Thursday, January 6, 2011

How Oprah's New Network Has Confirmed the Future of My Business

During the past 25 years as America's favorite workaholic, Oprah, built her empire, I was such a workaholic that I never managed to see any of her shows.

Last Saturday night, I was stuck in a little motel room in Northern New Mexico. It was plunging toward zero outside and the sidewalks were covered in black ice. So, we decided to eat a picnic in bed to the flickering light of the TV.

And there stood Oprah.

Spotlight in a white suit on a dark soundstage, over the course of the next hour, she told the back-story of the founding of her new network, including why she was quitting as an on-screen show host and moving on to instead produce other people's shows.

One scene in particular affected me. We saw Oprah early in the morning being driven in her chauffeured car to work. She sits in the back, without any make-up, still a bit puffy from sleep. Her voiceover during this image talked about the fact that though she loved her job, after so many years it had just gotten exhausting and repetitive. No matter how great you are at something, you have to move on and change up to be able to breathe.

If Oprah kept on doing the same thing the rest of her life, she might make more money. Just like rock stars who keep touring on the old hits. But I think she'd die inside.

There's a trade off between what makes business sense, and what makes sense for you as a breathing human being.

I've come smack dab against that wall myself. I was never remotely Oprah. I had a bit of success in a niche. A few hundred thousand people read my columns and case studies each week and flocked to my summits and events.

I had loved my job, but I also felt if I had to keep on doing it for one more day I'd fragment into a hundred-million pieces. It's a weird combination of being bored and stressed-out, both nearly to death. You just know you have to S.T.O.P.

Then, what? I'd been such a workaholic, that when that part of my life went away, and I'd slept for about a thousand hours to wake refreshed, there was just too big of a vacuum. Beloved hobbies like gardening, cooking, and travel just couldn't make a full life. Maybe if you quit when you're in mid-60s... but not in your mid-40s.

So, I started work again, slowly launching a series of sites in the 'Anne Holland Network'. This time it would be different. This time I'd start at 9 and leave at 5. This time I'd take vacations. This time I'd bring in a heavy-duty partner to run the business so all the leadership wouldn't fall on me.

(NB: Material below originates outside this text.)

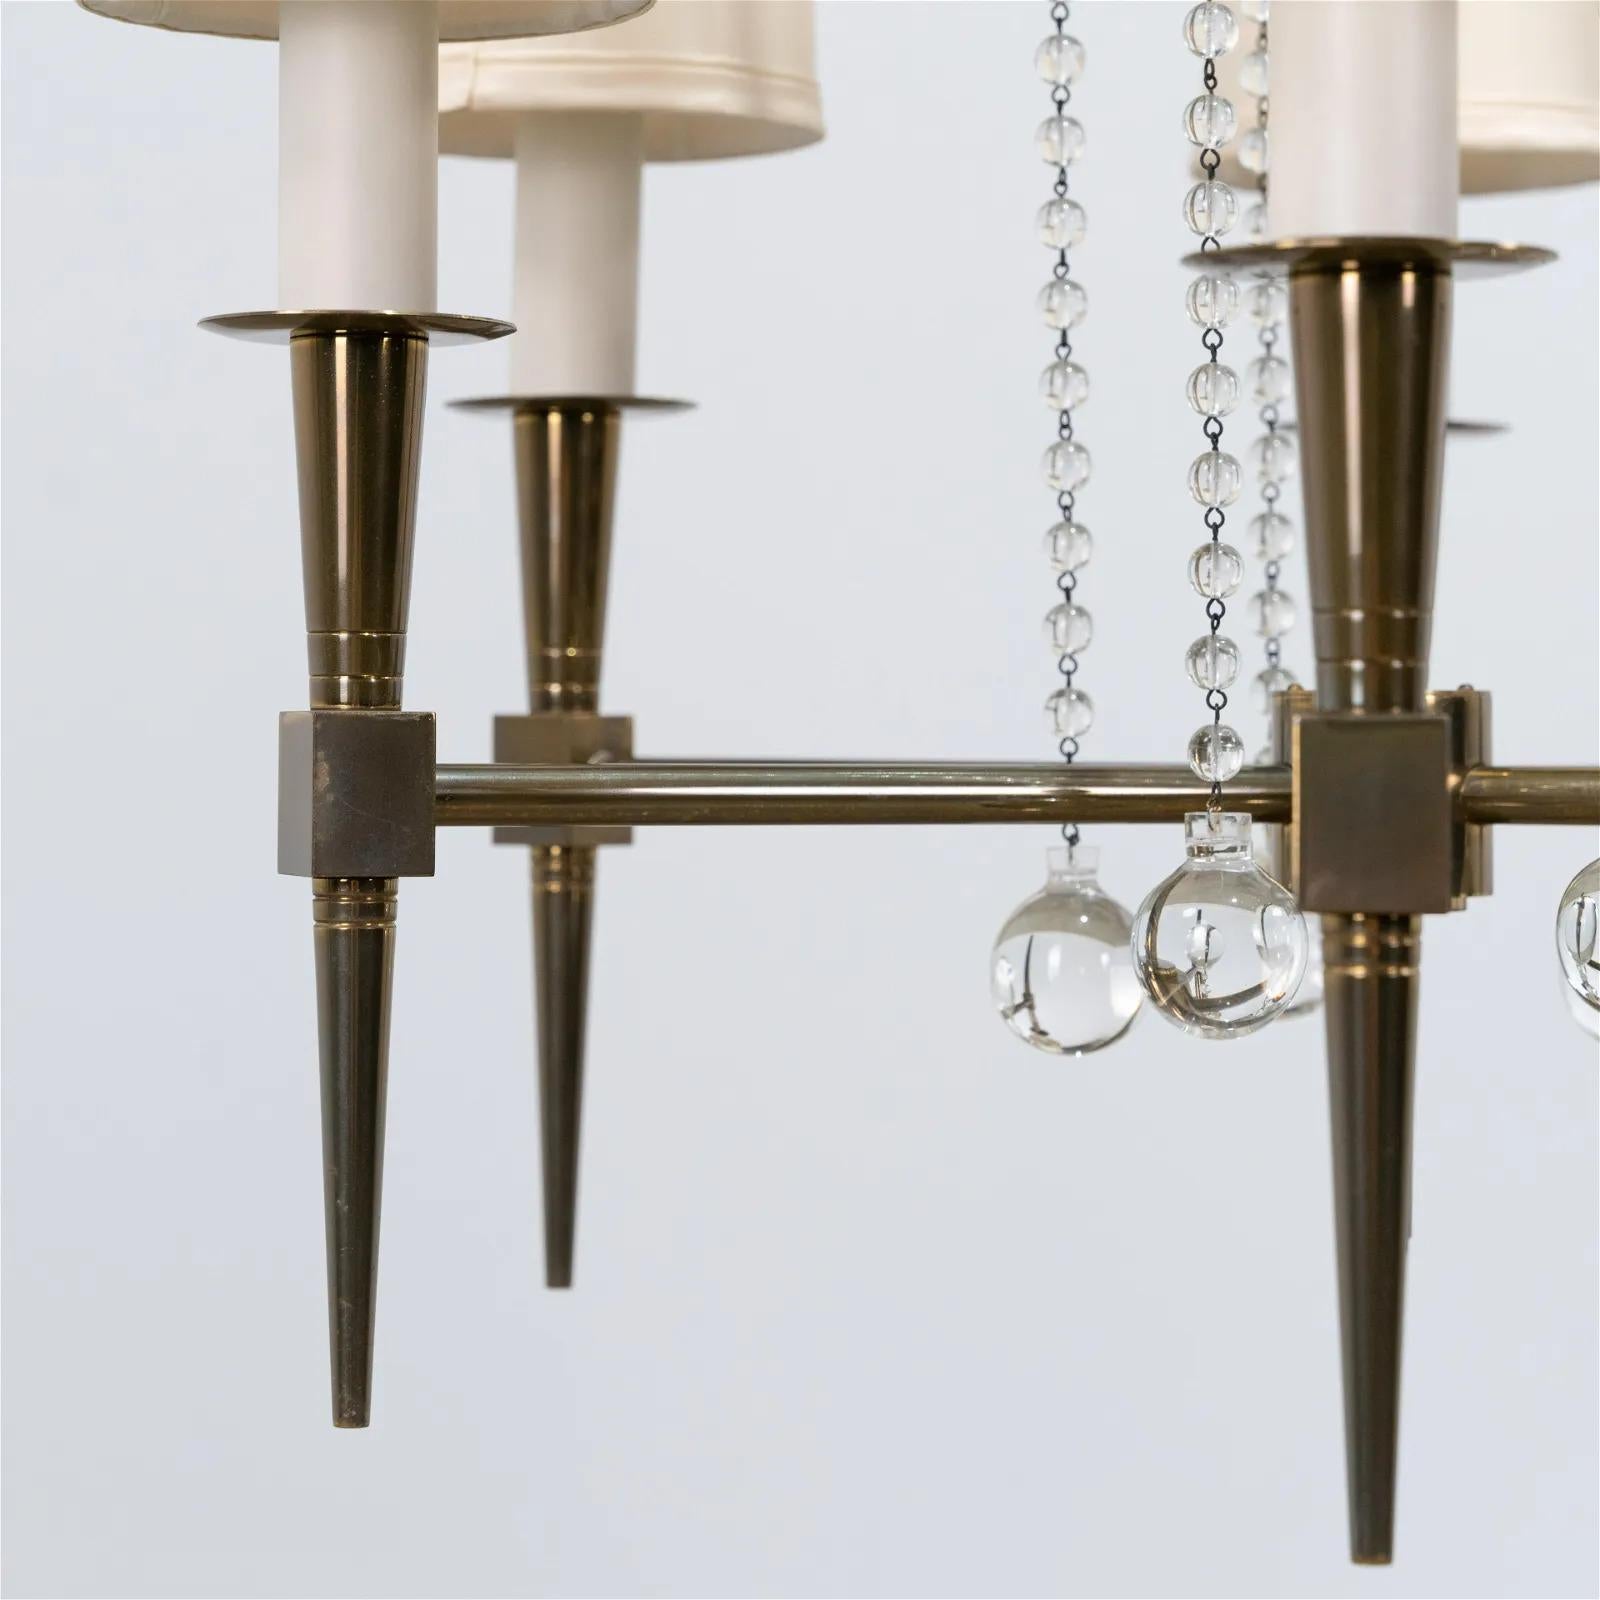 Elegant, 1950s Tommi Parzinger for Parzinger Originals, 6 arm brass and crystal chandelier. This chandelier has silk shades. Model No. 1 in brass with suspended crystal beads.

Perhaps most importantly, this time I wouldn't be the one standing in the spotlight. Each of the sites in the Anne Holland Network would be based on my core editorial principals -- extremely practical content, based on research into what works in real-life to grow your business. However, instead of being the 'host' of every site, newsletter, and conference, I'd take a step back. We began to recruit top-notch editorial staff, one per new site, to become that site's 'host' instead of me.

So far we've got two sites successfully launched (Anne Holland's WhichTestWon.com headed by Senior Reporter Natalie Tomasso and Anne Holland's Subscription Site Insider headed by Editor Sean Donahue) with more on the drawing board for 2011.

My sense of relief at not being in the spotlight so much is powerful. It's also thrilling to train and empower editorial staff to take over their sites and really own them, in a real sense becoming their own bosses, focused on pleasing their readers. There's a learning curve here - as much for me, the queen of I'll-do-it-myself, as there is for them. But we're definitely on the road to getting there.

On that cold dark night in Santa Fe, as I watched Oprah introduce her new network, on which there is no Oprah show, I felt like I wasn't the only one trying to figure out this new business model. It was a "hey girlfriend!" moment. For the first couple of years, neither of us may make as much money in our new ventures as we had in our old ones... but maybe that's not the point to being in business. Business can go beyond capitalism, business can enable personal growth for you and your team. It does anyway for me.